*EXERCISE OBJECTIVE*: Print exactly the lines below between the line containing "appelle la Russie" and the line containing "Dettaglio Brera •", counting both of those lines. Leave pictures out.

*PROVIDED DATA*:
((

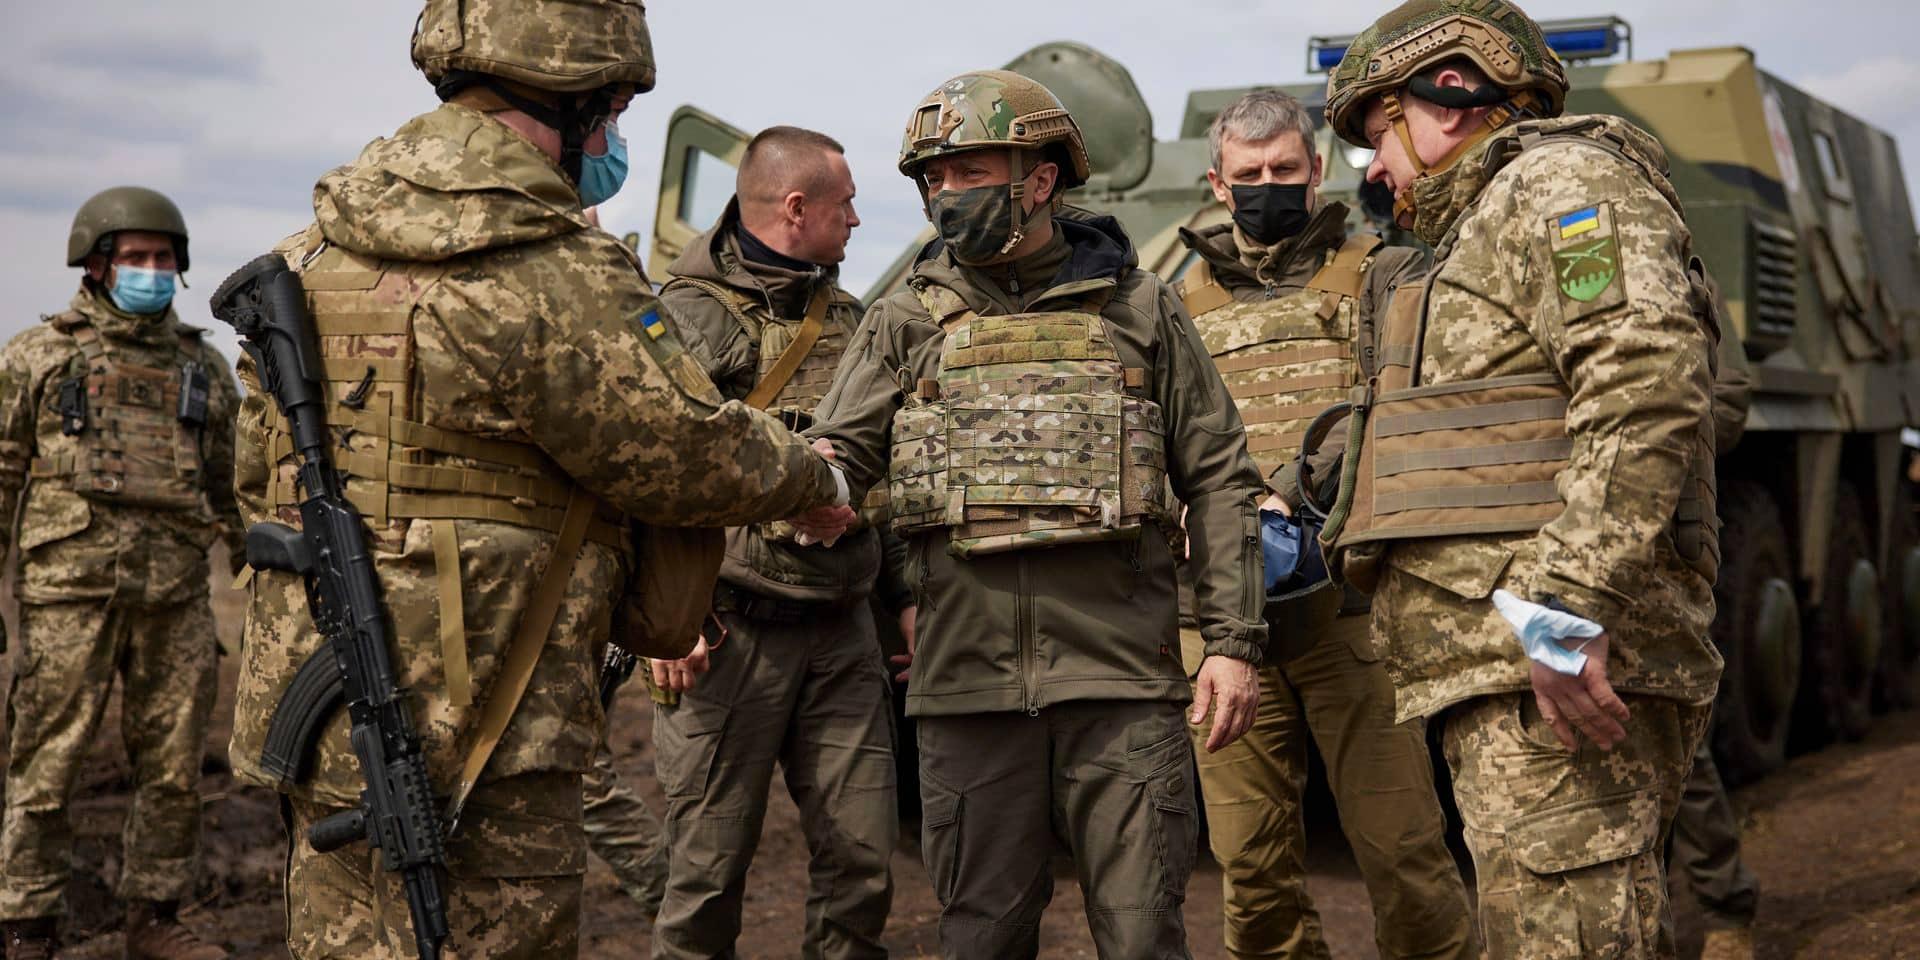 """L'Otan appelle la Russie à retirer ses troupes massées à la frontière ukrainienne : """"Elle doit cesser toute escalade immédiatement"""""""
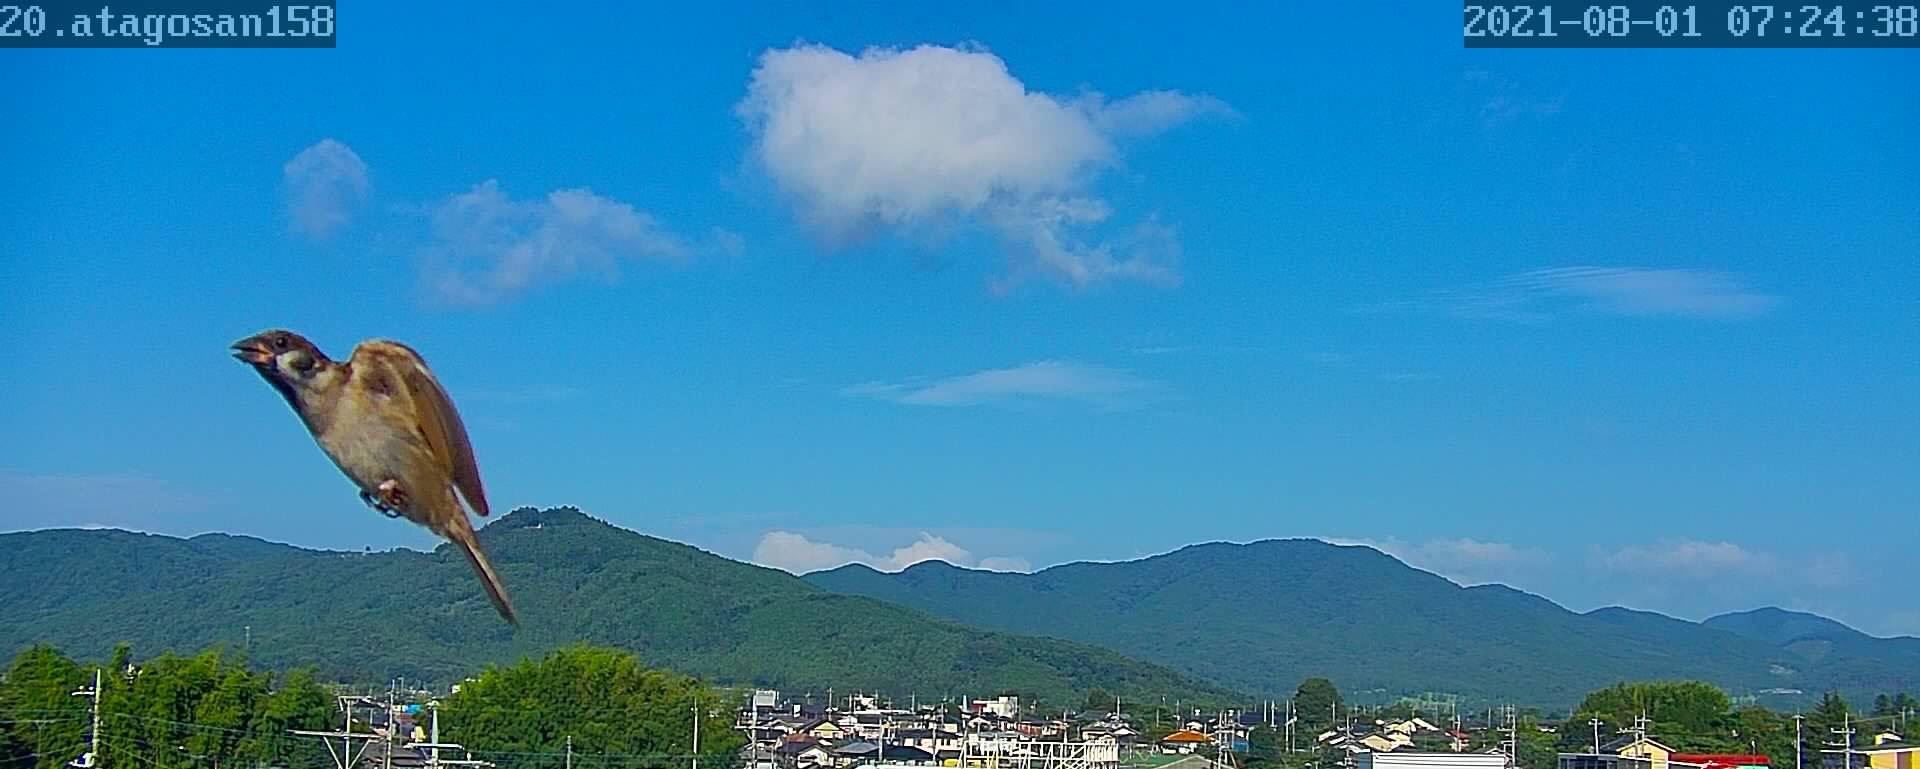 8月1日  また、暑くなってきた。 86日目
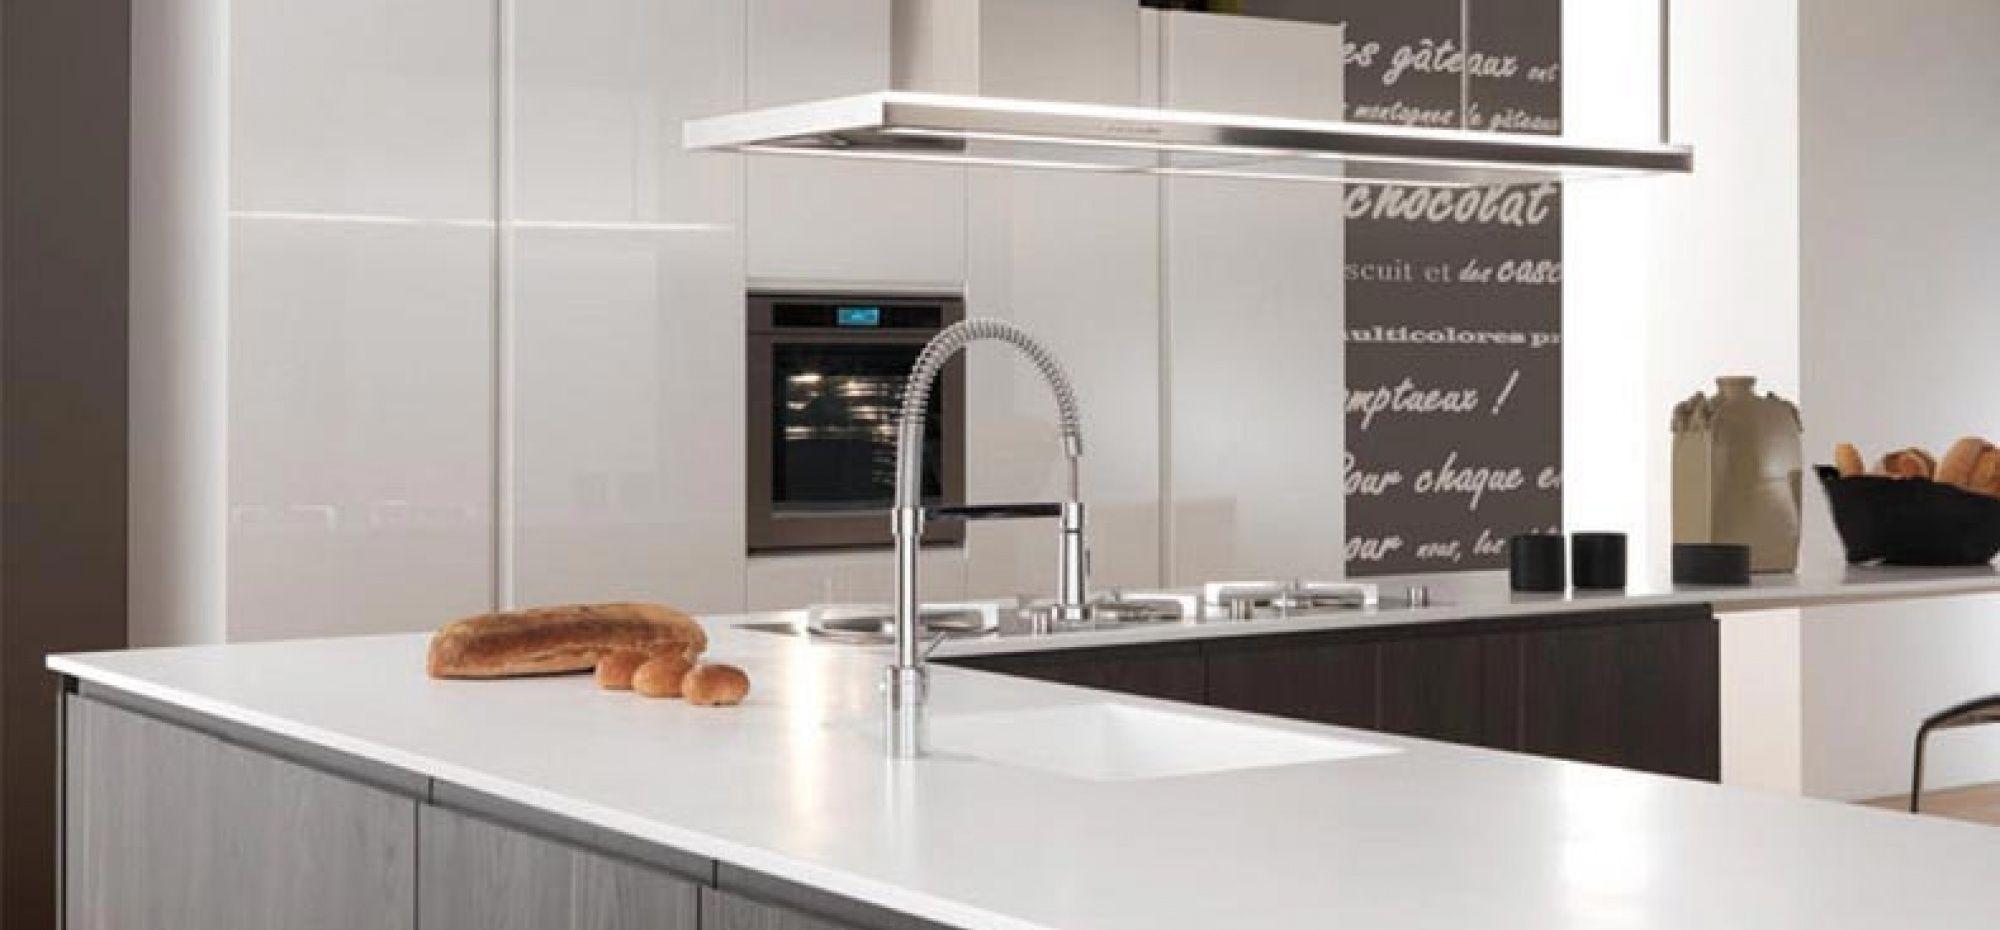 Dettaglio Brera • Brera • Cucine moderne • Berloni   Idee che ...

))
((

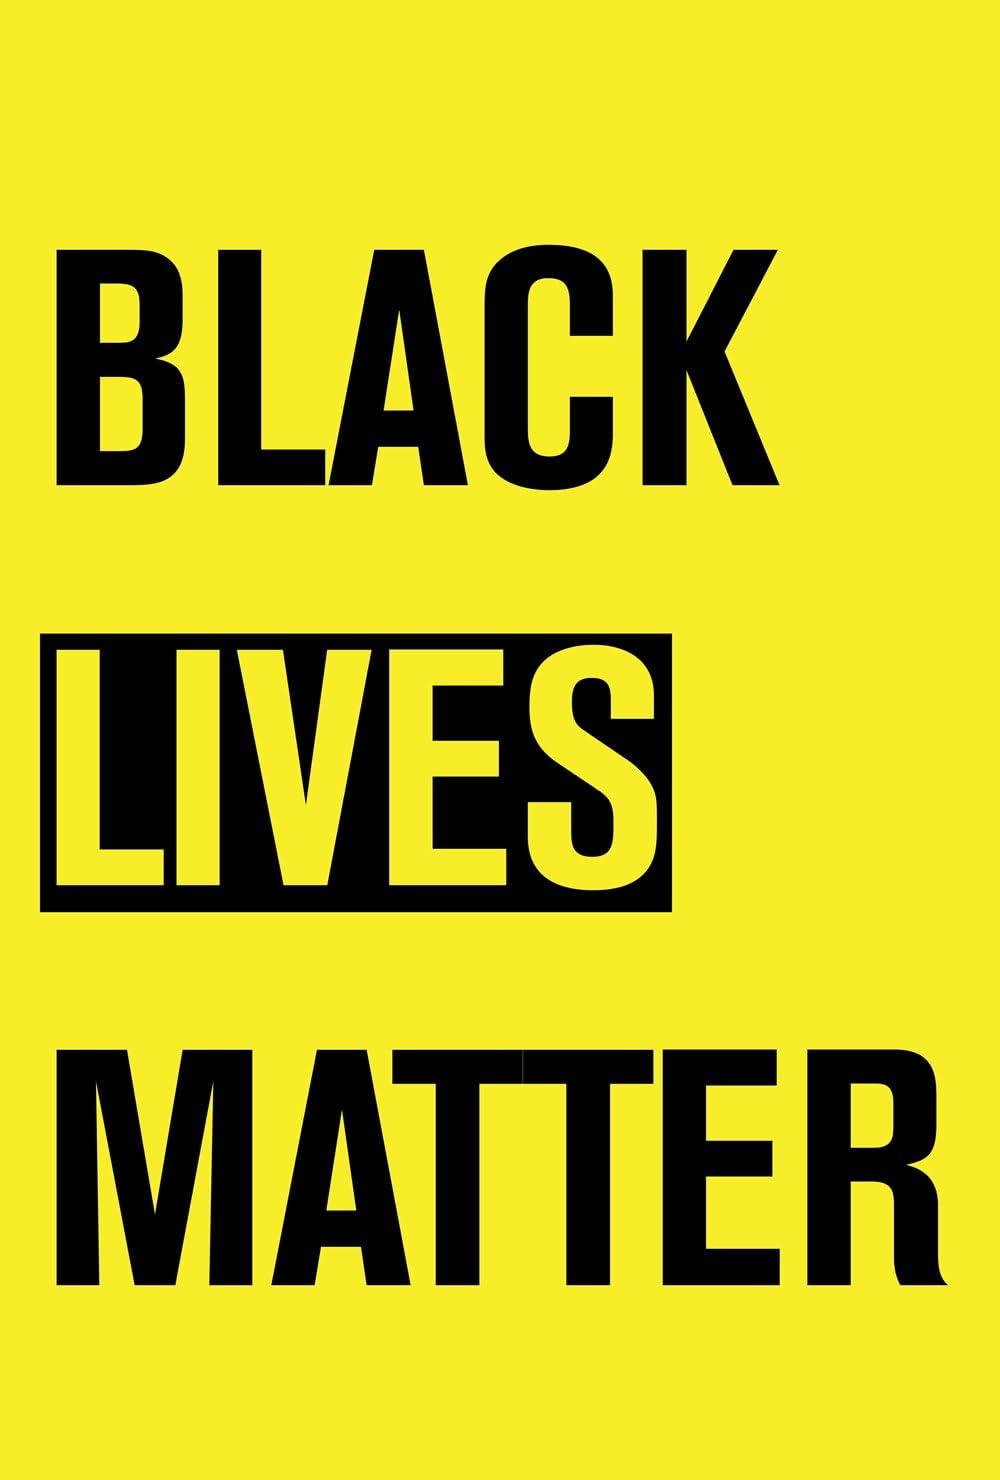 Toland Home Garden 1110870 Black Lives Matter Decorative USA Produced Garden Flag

))
((

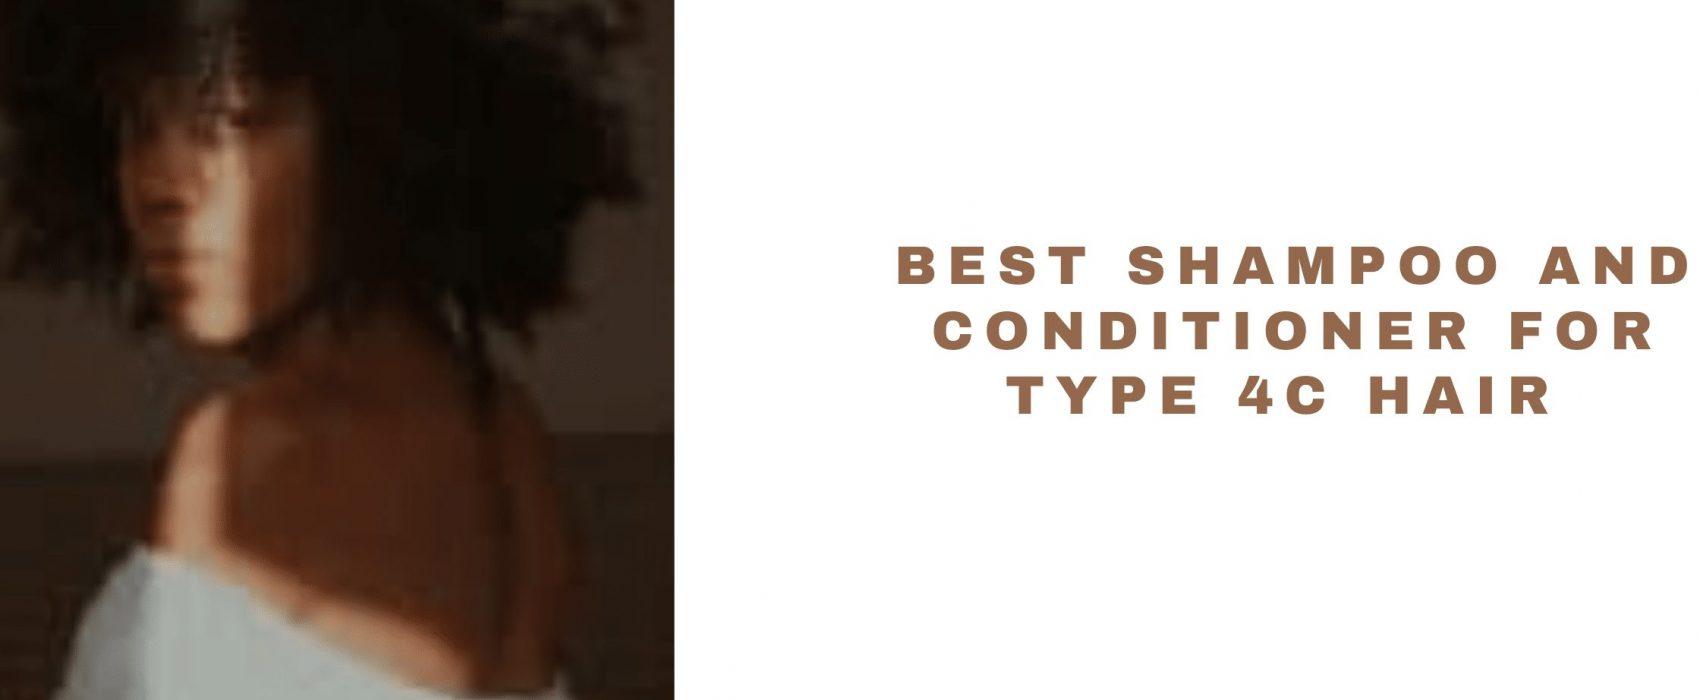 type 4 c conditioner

))

*WRITTEN SOLUTION*:
 """L'Otan appelle la Russie à retirer ses troupes massées à la frontière ukrainienne : """"Elle doit cesser toute escalade immédiatement"""""""
 8月1日  また、暑くなってきた。 86日目
 Dettaglio Brera • Brera • Cucine moderne • Berloni   Idee che ...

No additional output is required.